Mevsimin bahara yanlamasıyla piyasaya düşen erik meyvesi, tüm kış meyvelerini hiçe sayarak kasım kasım erik bekleyen biz eriksevicileri tatmin etmiyor, bilakis başımızı arşa değdiriyor.
Sulu sulu, kütür kütür erik. Tuzla servis ediniz.
Eriğin gönüllerde bu denli sağlam yer alışının tarihi, aslında ta Roma İmparatorluğu dönemine dayanıyor. Sezar, hepimizin tahmin edebileceği gibi, kış meyvelerini değil bahar ve yaz meyvelerini seven bir hükümdarmış. Toprağa ilk cemrenin düşmesiyle imparatorlukta bir bayram havası eser, Sezar'ın tüm dalkavukları bahçelerinden topladığı erikleri topukları kıçlarına vura vura, koşarak Sezar'a getirirlermiş. Gün ışığında her şey böyle kütür kütür ilerlerken, aslında imparatora karşı entrikalar çevrilmekteymiş.
Sezar önündeki çay tabağına tuzunu dökermiş, eriklerini bu tuza bandıra bandıra zevkle şevkle yermiş. İmparatorun bu zaafını bilen hainler tuzun yerine arsenik koymuşlar. Sezar eriğini bu arseniğe bandırmış ve küt diye mideye indirmiş. Sezar'ın ağzının içine bakan hainler, adama bir şey olmadığını görünce çılgına dönmüşler. Ulema sınıfı, goygoycular ve ihtiyar heyeti bir araya gelmişler ve Sezar'ı nasıl öldürecekleri hakkında bir plan yapmaya çalışmışlar. Sezar'ın kapı gibi bir adam olduğu, o yüzden onu kalbinden vurmak gerektiği sonucuna ulaşmışlar.
Sezar'ın kalbine giden yol ise; tabii ki erikmiş.
Günler geçmiş, Sezar'a erik gelmemeye başlamış.
"Bu sene hasat olmadı haşmetlum" demişler. Oysa ki tüm erikleri köylüler yiyormuş.
Roma'da bir ishal salgını başlamış. Sezar bir bit yeniği olduğunu anlamış.
Brütüs'ün de bu entrika içinde olduğundan şüpheleniyormuş. O yüzden havanın rüzgarlı olduğu bir gün Brütüs'le tam cereyanda oturmaya başlamışlar. Brütüs'ün yüzü kızarmaya bozarmaya, soğuk terler akıtmaya başlamış.

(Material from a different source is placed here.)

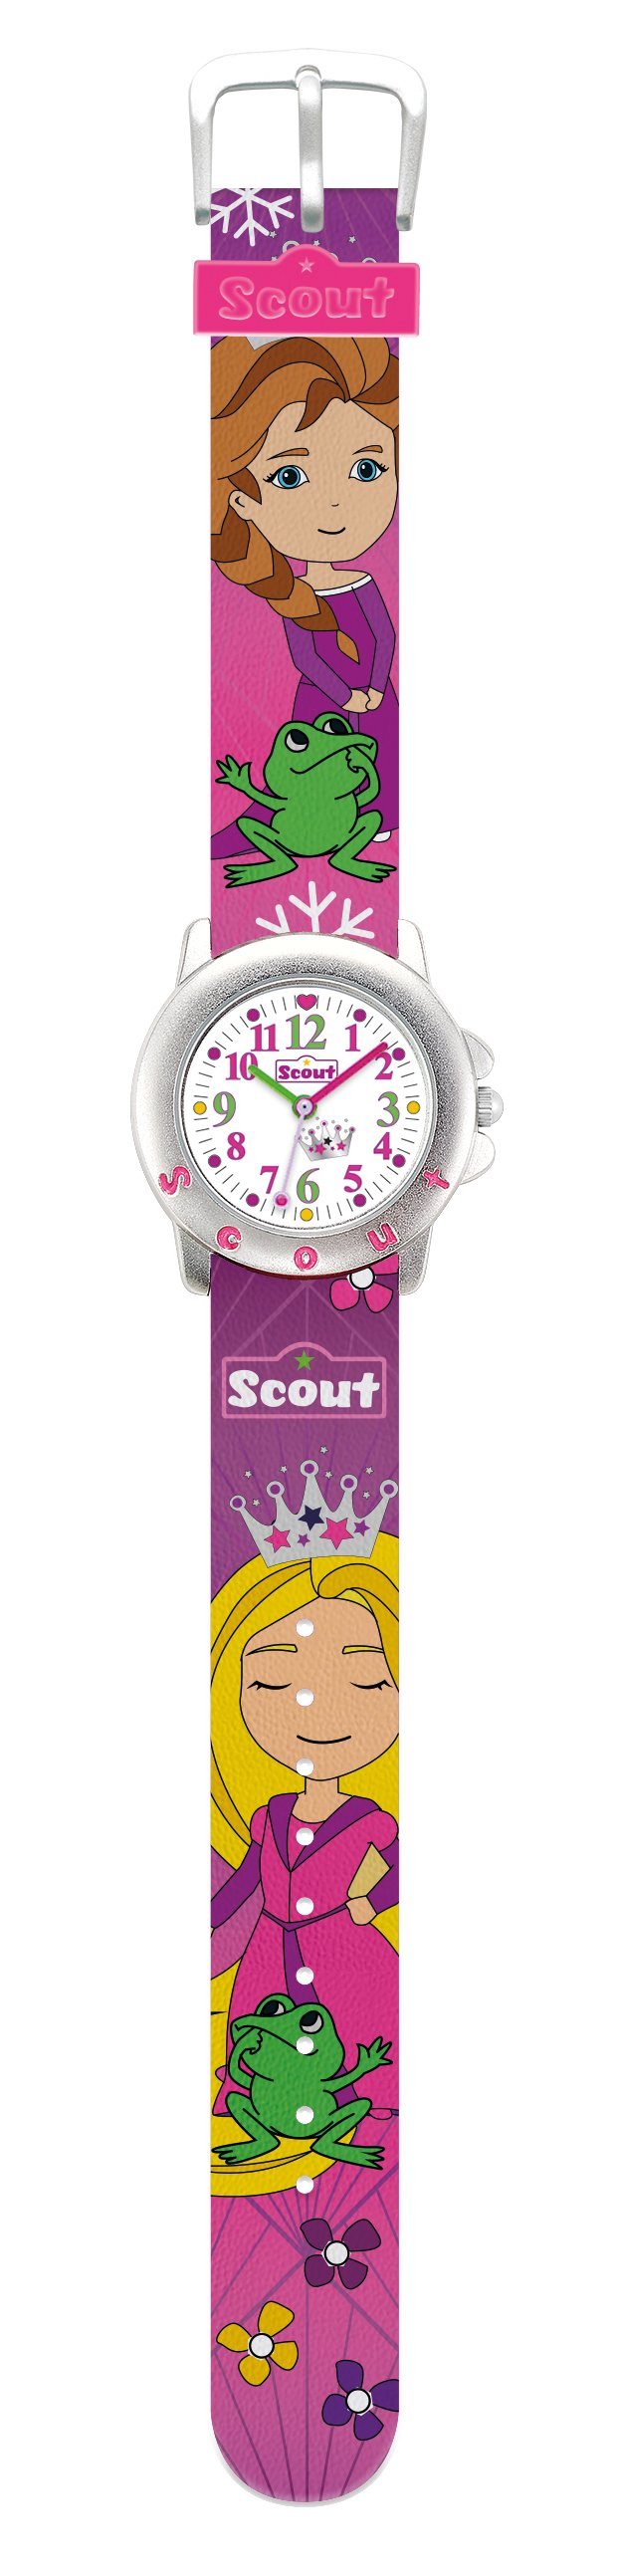 Prinzessinen Star Scout Quarzuhr Kids Armbanduhr Kinder 280393037
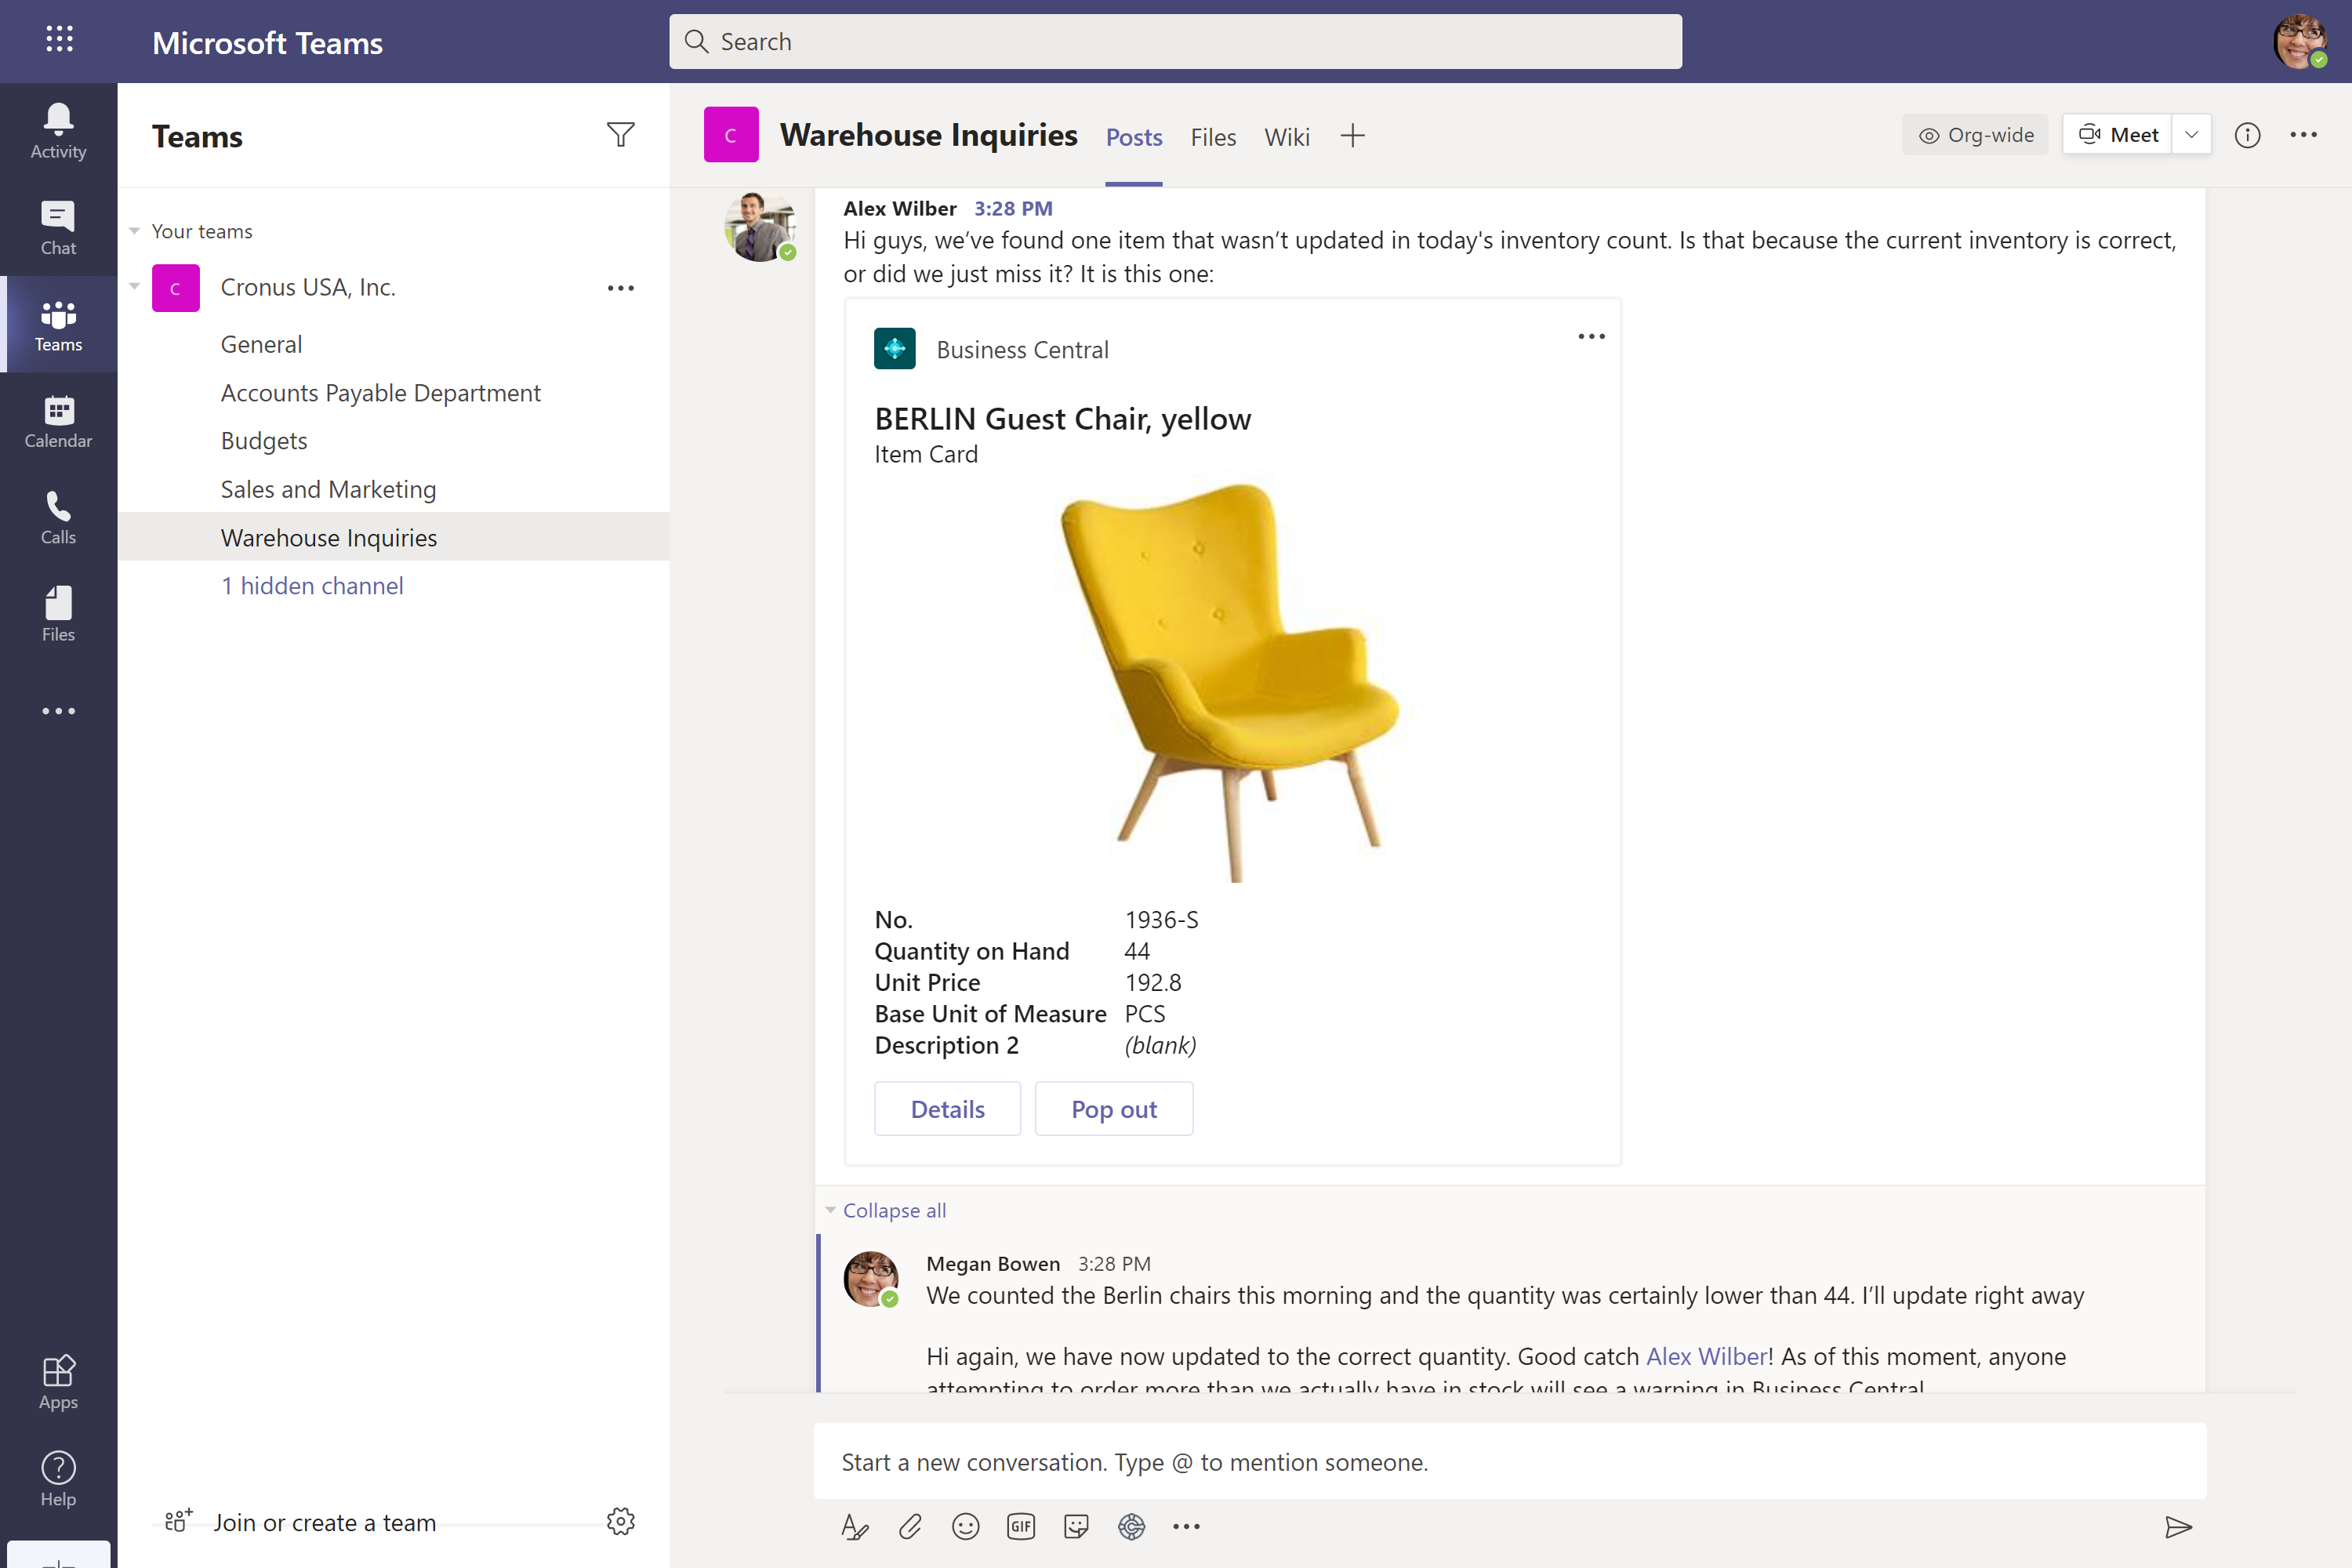 Samtale mellom medarbeidere i Microsoft Teams med forretningsdata som samtaleemne

Sezar'sa, gözlerini dikmiş Brütüs'e bakıyormuş. Sonunda Brütüs kendini tutamamış, bırakmış gazı. Erik gazı kokusunu her yerde alan Sezar, bu ihanet karşısında dehşete düşmüş ve "Sen de mi Brütüs?" demiş. Brütüs inkar etmeye çalışmış, ama tuvalete koşarken ceplerinden yeşil yeşil erikler yerlere düşmüş. Erikler yerlerde yuvarlanırken Sezar sevinmiş, dur ben bir alayım bunları diye hareketlendiği anda eriklere basmış. Yuvarlanarak düşüp ölmüş.
Erikseviciliği DSM-IV'te yer alan bir hastalıktır.
Lütfen hafife almayınız. Tarihten ders alınız.
Türk eriksevicilerden Irmak Ünal. Yanaklarında zor günler için erik biriktirmesiyle ünlüdür.